FAQ: Boost on HPC Systems

There are boost modules available on our systems. But they might not be adequate because of the wrong version, or incompleteness of features. Or, you may just want to use a different compiler.

Recipe to build and use it

  1. Download the desired boost version from https://www.boost.org/  Or, if internet is available: 
    git clone --recurse-submodules https://github.com/boostorg/boost.git
    cd boost
    git tag                           # select the desired tag
    git checkout boost-1.88.0         # for instance
  2. Load the compiler and MPI modules (if MPI is required; if not, skip it in the following); can be gcc, intel/oneapi/llvm and Intel MPI, MPICH, OpenMPI
    Just go sure that your compiler supports reasonably a modern C++ standard!
    Load a relatively new cmake!
  3. Configure (here, we do that using gcc/13.2.0 and intel-mpi/2021.10.0):
    ./bootstrap.sh --with-toolset=gcc --with-libraries=atomic,chrono,context,date_time,exception,fiber,filesystem,headers,iostreams,locale,log,math,nowide,program_options,random,regex,serialization,stacktrace,system,test,thread,timer,type_erasure

    Check boost's documentation for available toolsets (clang, intel-linux, gcc, for instance) and for available libraries (also check the libs sub-directory in boost's sources). Of course, you don't need to install all of them! Just what you need! We just gave some examples here.
    With that, the b2 tool is build, required for building and installing boost.
    Remark: The tool chain has nothing to do which compiler you later want to use. It is solely about with which compiler to build boost. So, system gcc is most probably fine for all cases unless you desire some higher C++ standard later maybe not supported by this compiler.
    Remark: One can execute ./bootsrap.sh also without any option. Then, only the b2 tool is built. Using ./b2 --show-libraries reveals all available libraries that can be build in boost.
  4. Installing boost:
    ./b2 --prefix=<boost-install-path>/boost_1.88.0 cxxflags="-std=c++17" variant=release,debug link=shared threading=multi runtime-link=shared address-model=64 -j 20 install

Both, bootstrap and b2 have both --help option and online documentation.

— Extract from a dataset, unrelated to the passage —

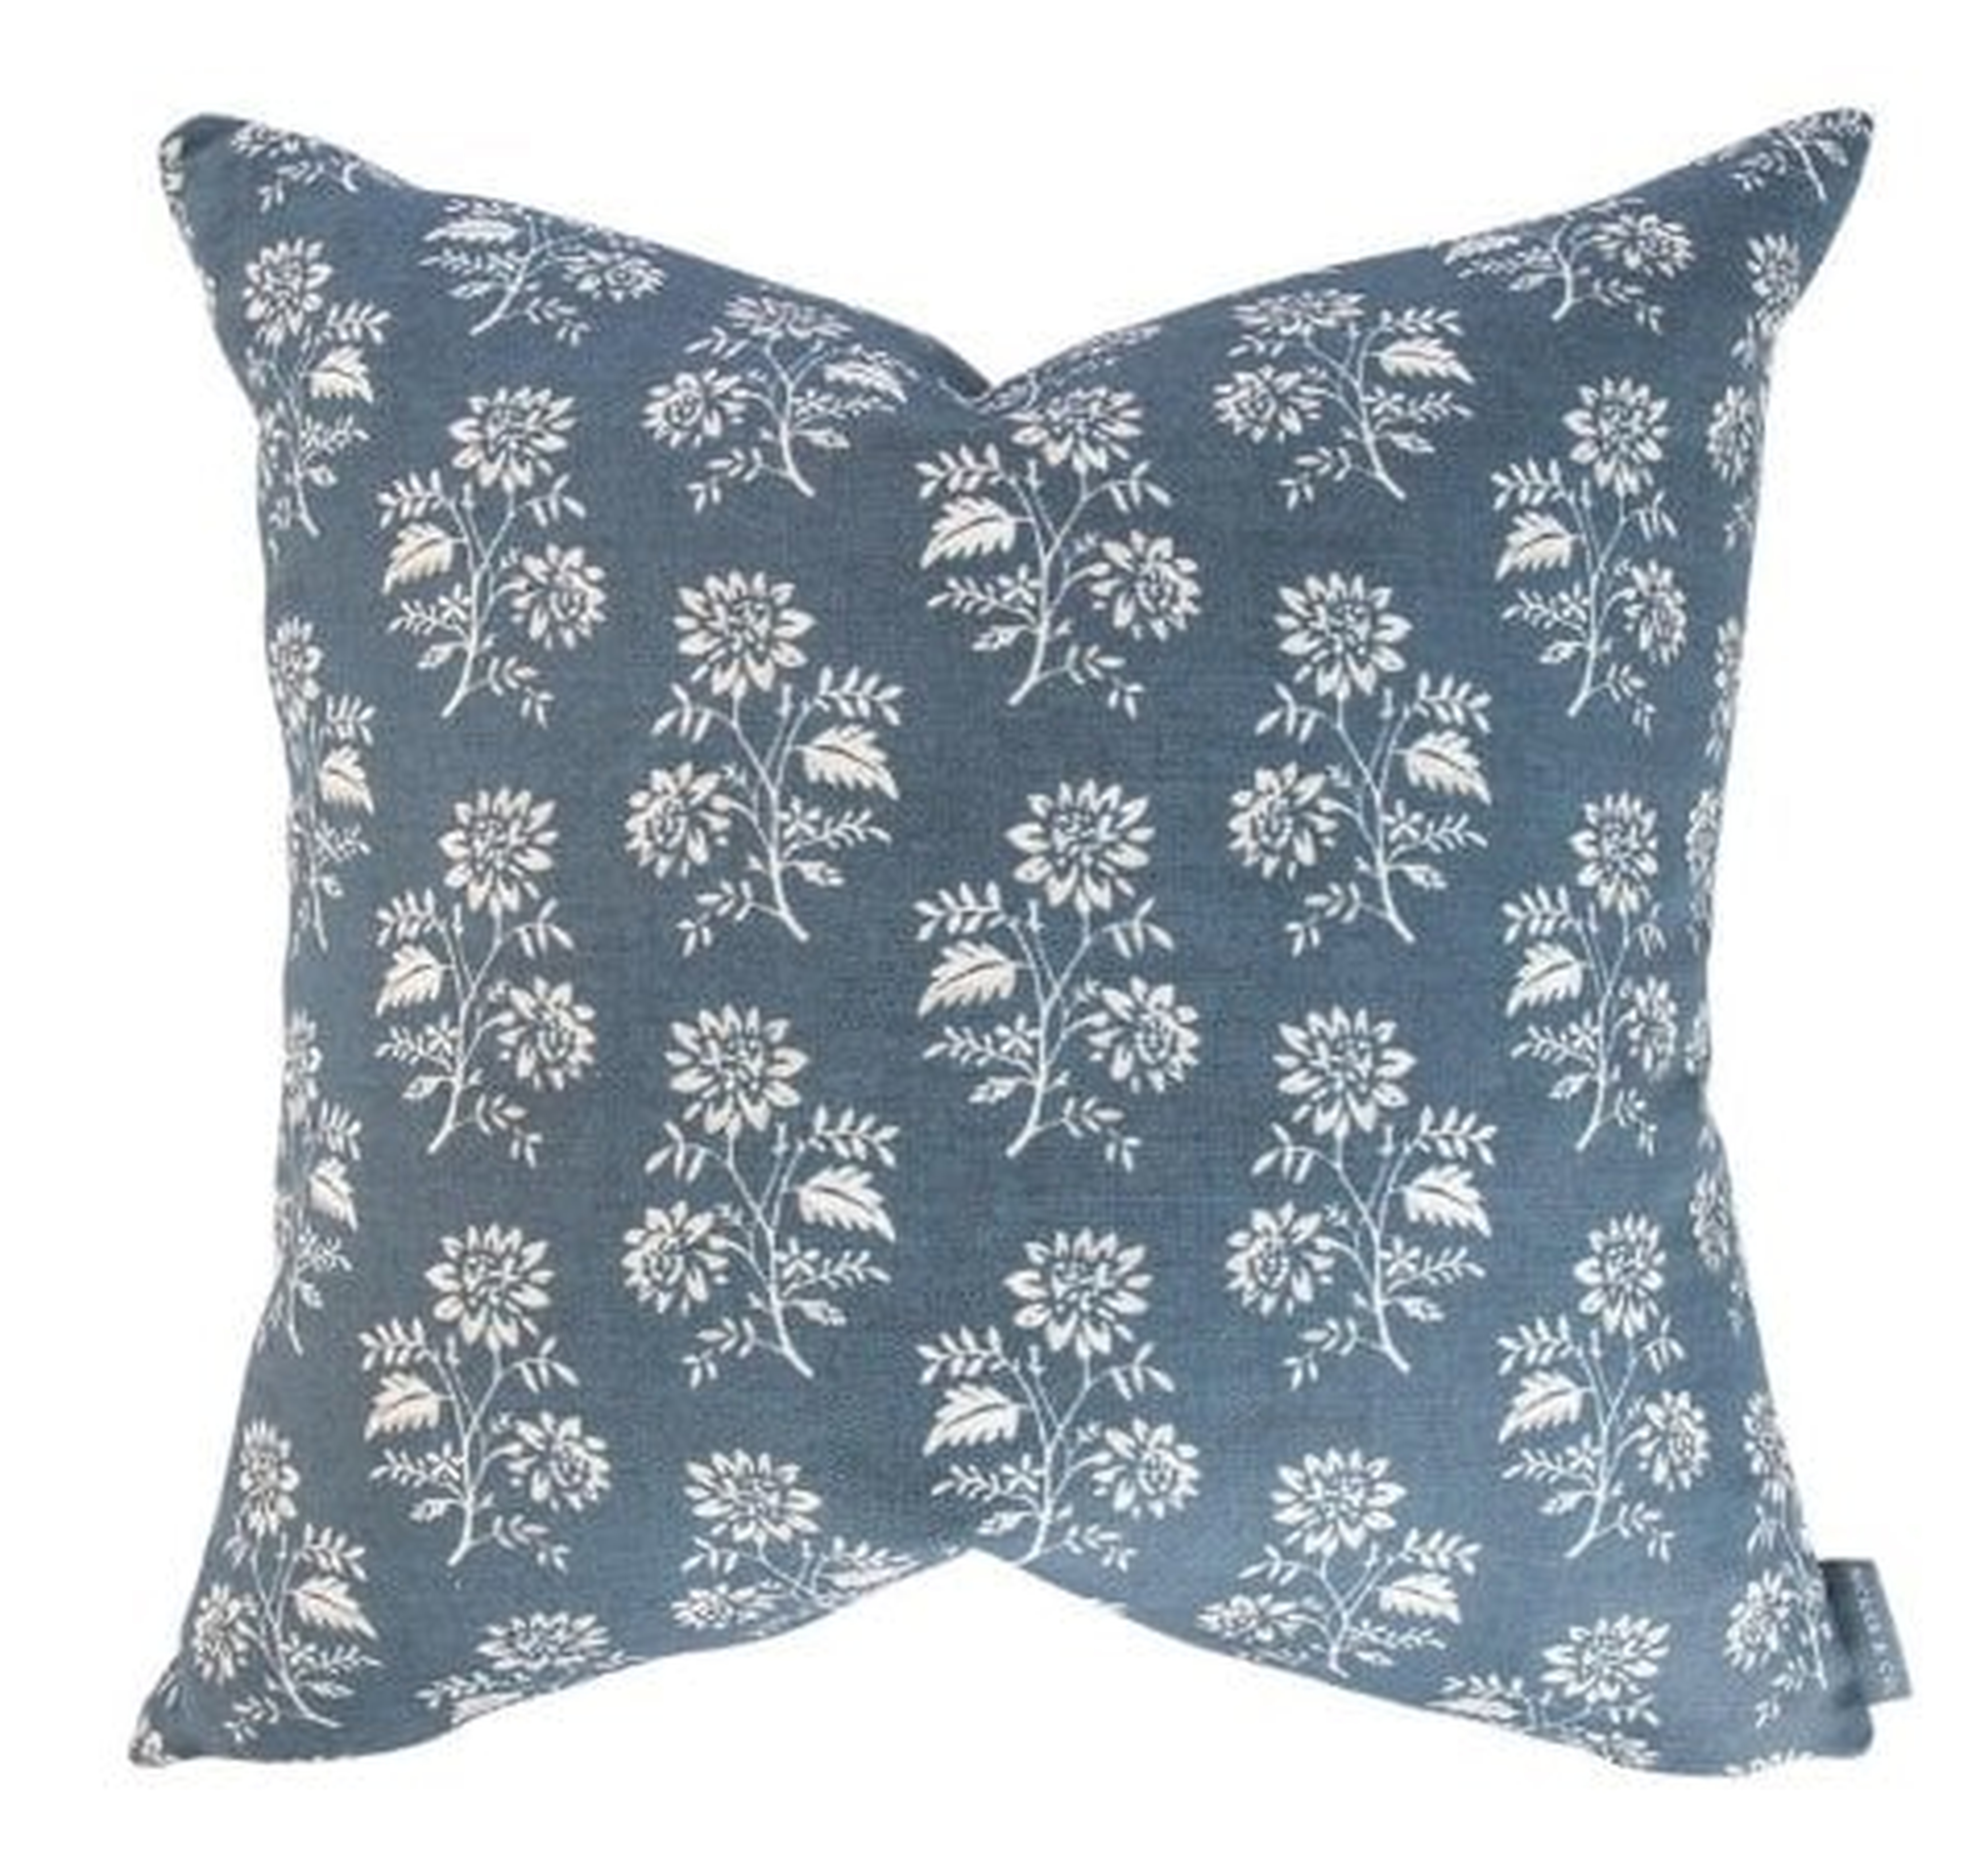 CAMILLE NAVY FLORAL PILLOW COVER - McGee & Co.
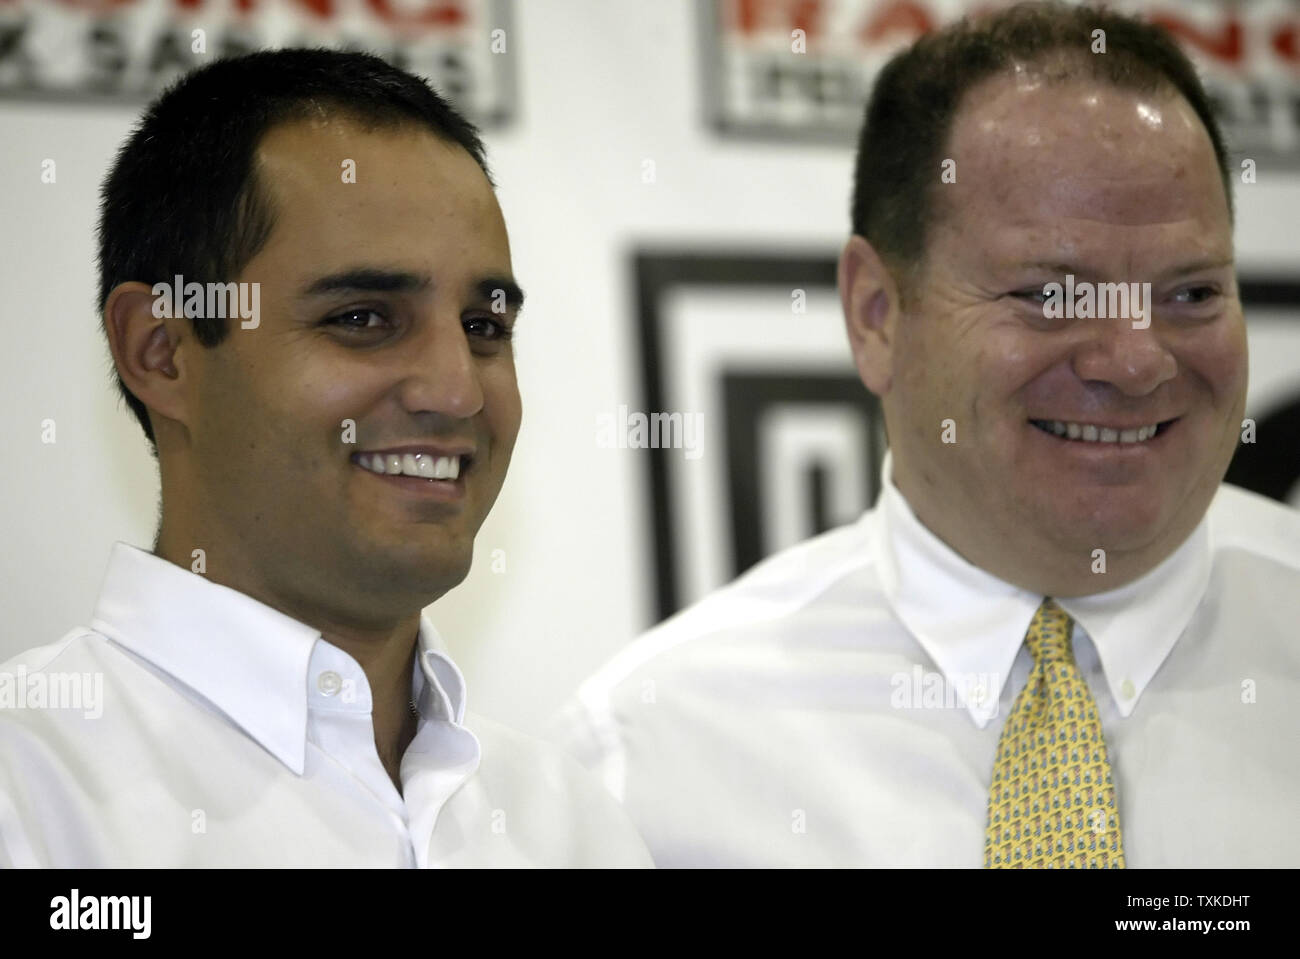 NASCAR driver Juan Pablo Montoya of Colombia, left, and team owner Chip Ganassi laugh during a press conference at Chip Ganassi Racing in Concord, NC on January 22, 2007 during the NASCAR NEXTEL Cup Media Tour. (UPI Photo/Nell Redmond) Stock Photo

Alternatives to this exist. For instance, bootstrapy.sh can be executed without any options first. It then takes the system gcc to build b2. Then, with some compiler module loaded, one can execute b2, limiting the set of needed libraries and other settings. For instance, for Intel OneAPI compiler, and just wanting filesystem, it goes like this,

> ./b2 --prefix=$HOME/boost-1.88 --with-filesystem cxxstd=17  toolset=intel-linux  link=shared address-model=64 architecture=x86 runtime-link=shared

to install boost and only filesystem library into $HOME/boost-1.88.

Usage


The simples way to use boost libraries in own C++ projects is through CMake's find_package. An example is given here. Again, only the needed parts need be included.

For using your just installed boost library, direct both LD_LIBRARY_PATH and CMAKE_PREFIX_PATH to the lib and lib/cmake path, respectively. <boost-install-path>/boost_1.88.0/lib and <boost-install-path>/boost_1.88.0/lib/cmake in our example. CMake's find_package should then find everything.

For filesystem boost module installed, a minimum example looks like this.

CMakeLists.txt
cmake_minimum_required (VERSION 3.20)
project (test LANGUAGES CXX VERSION 1.0.0)
set(CMAKE_CXX_FLAGS "-Wall")
set(CMAKE_CXX_STANDARD 20)
set(CMAKE_CXX_STANDARD_REQUIRED True)
set(CMAKE_CXX_EXTENSIONS False)

find_package(Boost 1.80.0 REQUIRED COMPONENTS filesystem)

add_executable(test test.cxx)
target_link_libraries(test PUBLIC Boost::filesystem)
test.cxx
#include <boost/filesystem.hpp>
#include <iostream>

int main(int argc, char* argv[]) {
  using namespace boost::filesystem;
  std::cout << argv[0] << " " << file_size(argv[0]) << '\n';
}

Building is simple. With LD_LIBRARY_PATH and CMAKE_PREFIX_PATH set as noted above, and cmake and some compiler (better the same boost was build with) module loaded, it goes like that.

> cmake -S . -B build
> cmake --build build

The executable, test, is then in the build directory.


If the boost compiler and the currently used compiler differ, one usually needs to use Boost_COMPILER and CMAKE_CXX_COMPILER_ARCHITECTURE_ID CMake variables during the configure step. In order to avoid this compilcation, installing boost with the same compile as one intends to use for the own application is advisable.

Remarks

  • Boost seems to contain also a CMakeLists.txt. That may simplify boost's installation procedure further.
  • Note that boost is permanently developing. And many parts are also migrated already into the C++ STL (and standard library). That is each version of boost may possess different features.
    Though not all compilers support all of that, like Intel OneAPI C++ compiler suite. Boost is a good alternative in those cases.